May 29, 2010

Burmese FlagThe first family is originally from Burma but arrived in Phoenix via Thailand. The husband and wife both fled from the Burmese government and military with their parents who were farmers when they were about 6 years old. Both of them then lived in a refugee camp in Northern Thailand for 18 years. They met, married and had both of their children while living there. The father went to sporadic classes held in the camp and received the equivalent of a 9th grade education where he learned a little English. The whole family has been in Phoenix for a little more than 2 months. Dad is taking English classes and he already has a job in the evenings. Both parents are very happy to be in the USA because they don’t have to be afraid for their children and they feel like their children now have a future. Dad has a sister who has been living in Phoenix for nearly 2 years. They are very happy.
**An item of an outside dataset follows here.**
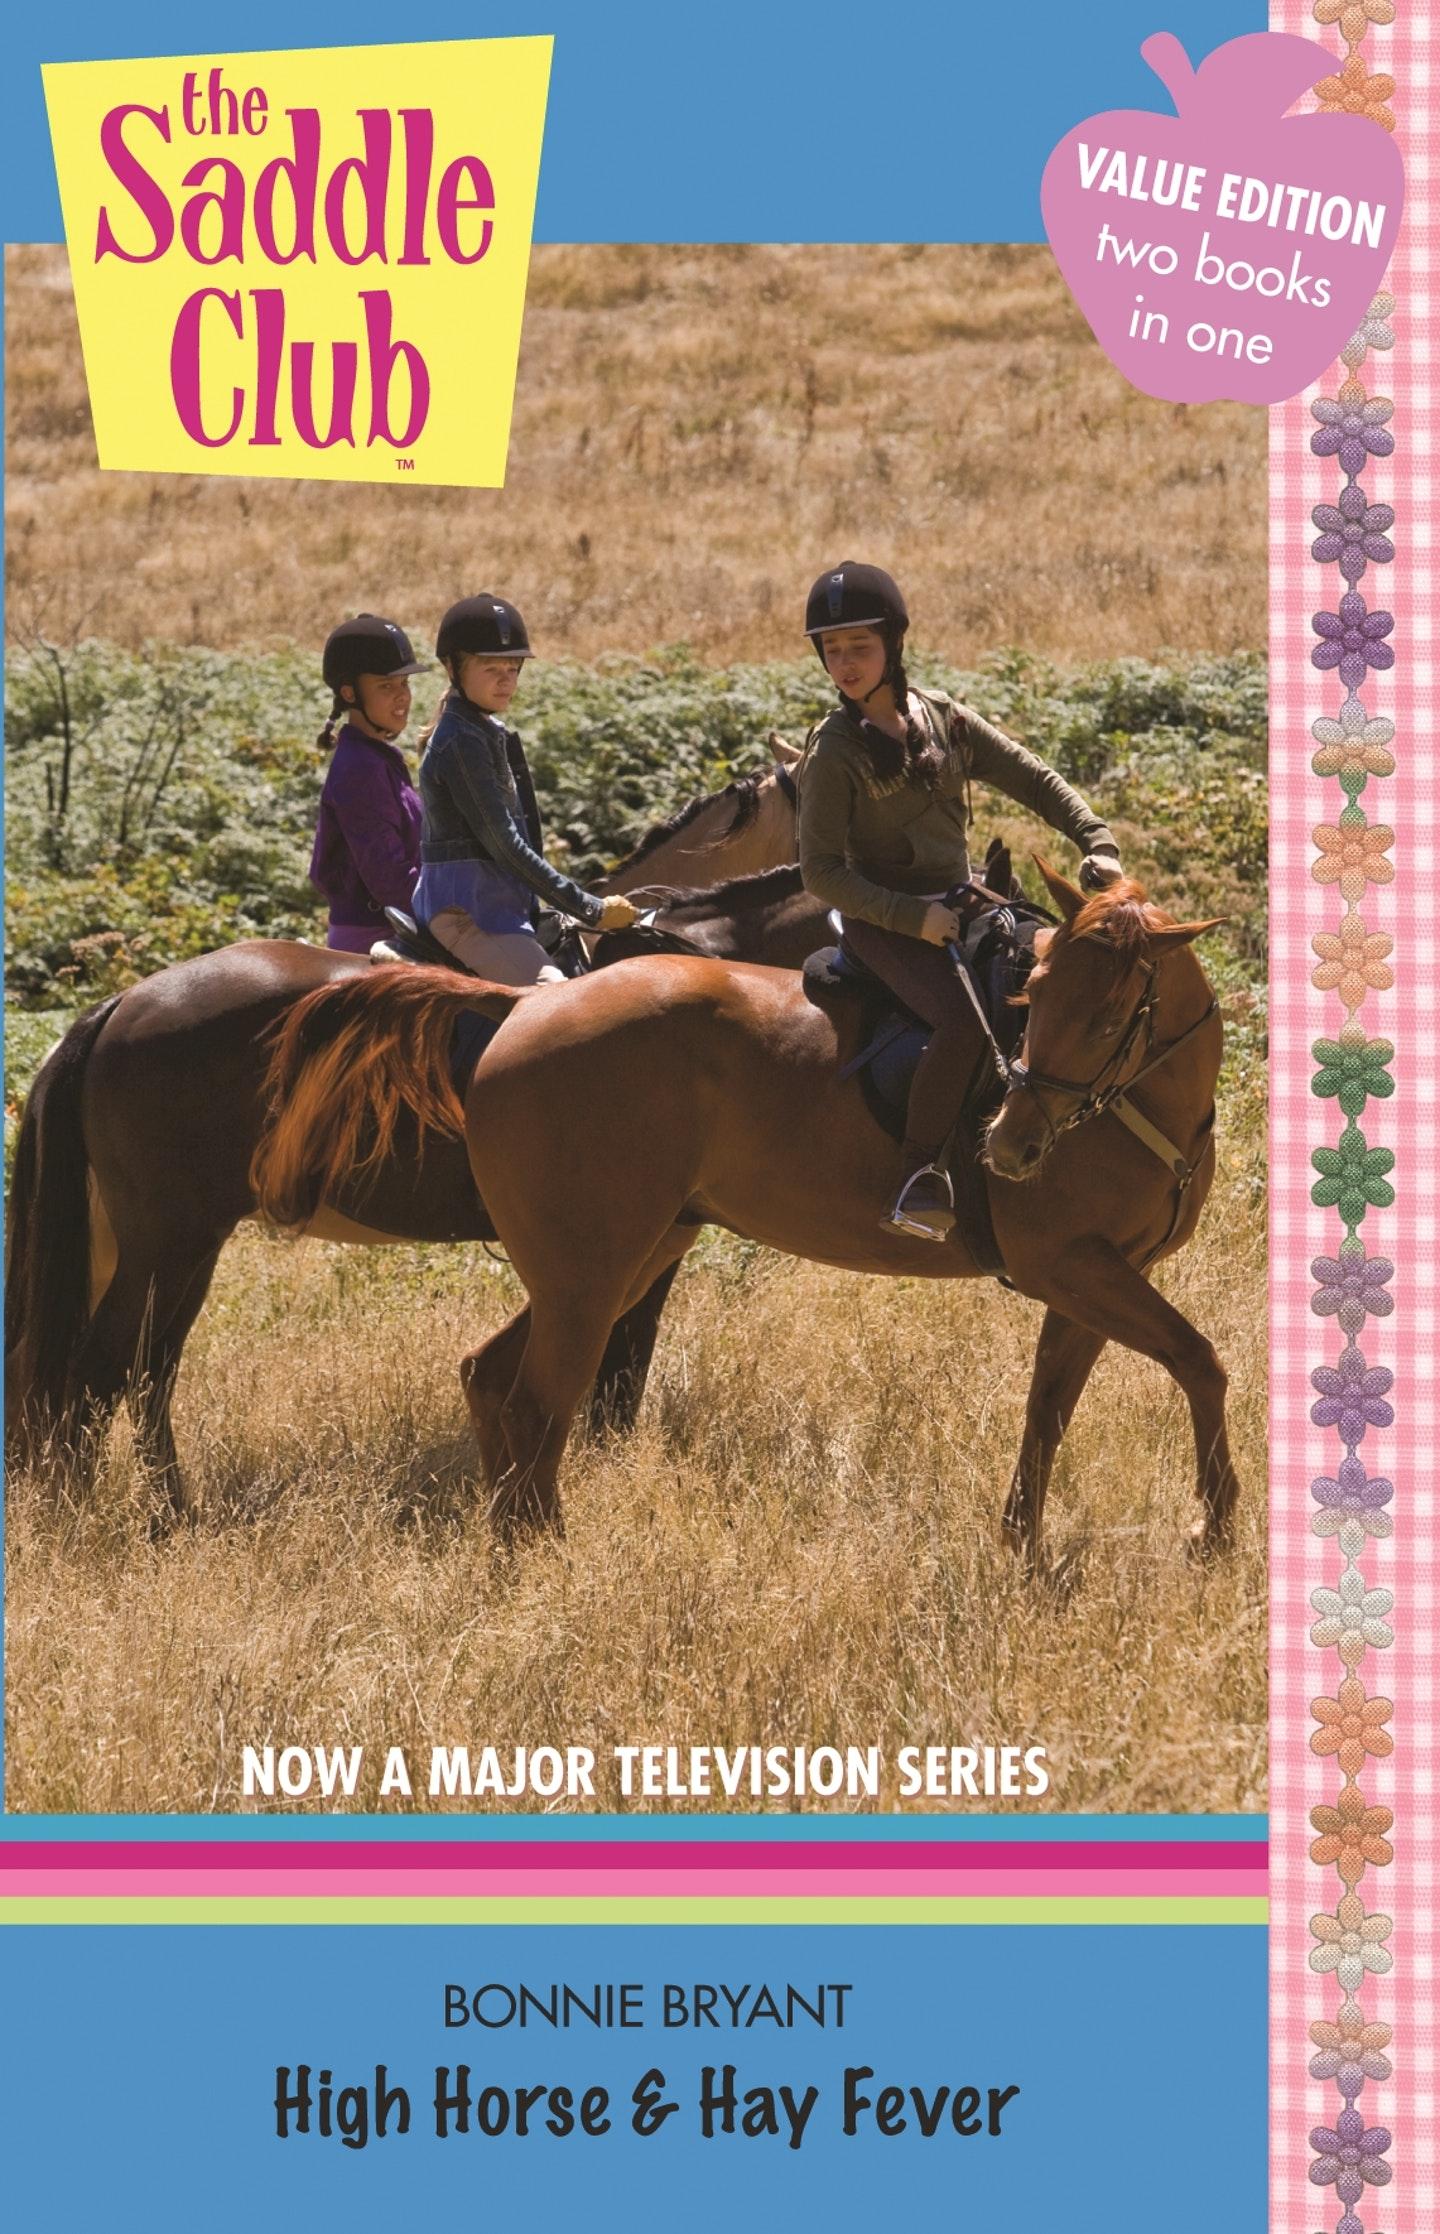 Saddle Club Bindup 5: Hoof Beat/Riding Camp by Bonnie Bryant Paperback Book

The second family recently arrived from the Congo via Malawi because of the civil war and the danger to the family. The mother is only 31 and the head of the household of 6 children the youngest who is only one. The father recently passed away while they were living in a refugee camp where they had been living for 7 years. The mother was not sure how she could keep her family on her own. She applied to the UN for refugee status and was sent here to Phoenix. The mother is looking forward to her older children starting school and getting a good education. She said that there were no reliable schools in the camp and that she and her family often went without food for 2 or 3 days. She is very happy and thankful to be living somewhere where her children don’t have to worry about food or water and where they can make a good life.

Our last family was another family of 13 originally from the Congo. They fled to Tanzania because of the civil war and poverty. They lived in a refugee camp there for 14 years. The father was a Math and Physics Teacher at a big school in the Congo. Recently in the refugee camp rebels from the Congo government had kidnapped him and tried to remove him from the Refugee camp, his wife went to the UN authorities after which they searched the entire camp and found him before he could be “relocated”. He and his immediate family were granted refugee status and moved to Phoenix – they had been here for only 6 days when we met them and were trying to adjust to the time changes amongst everything else. The father taught his children to read and write and encouraged his older children to teach other children inside the camp. His family, work and school are most important to him. The father’s two oldest sons are very interested in learning English quickly to get jobs and start school. Both the Father and the Mother are extremely grateful and thankful that they can give all their children a good future even though their resources are so limited now.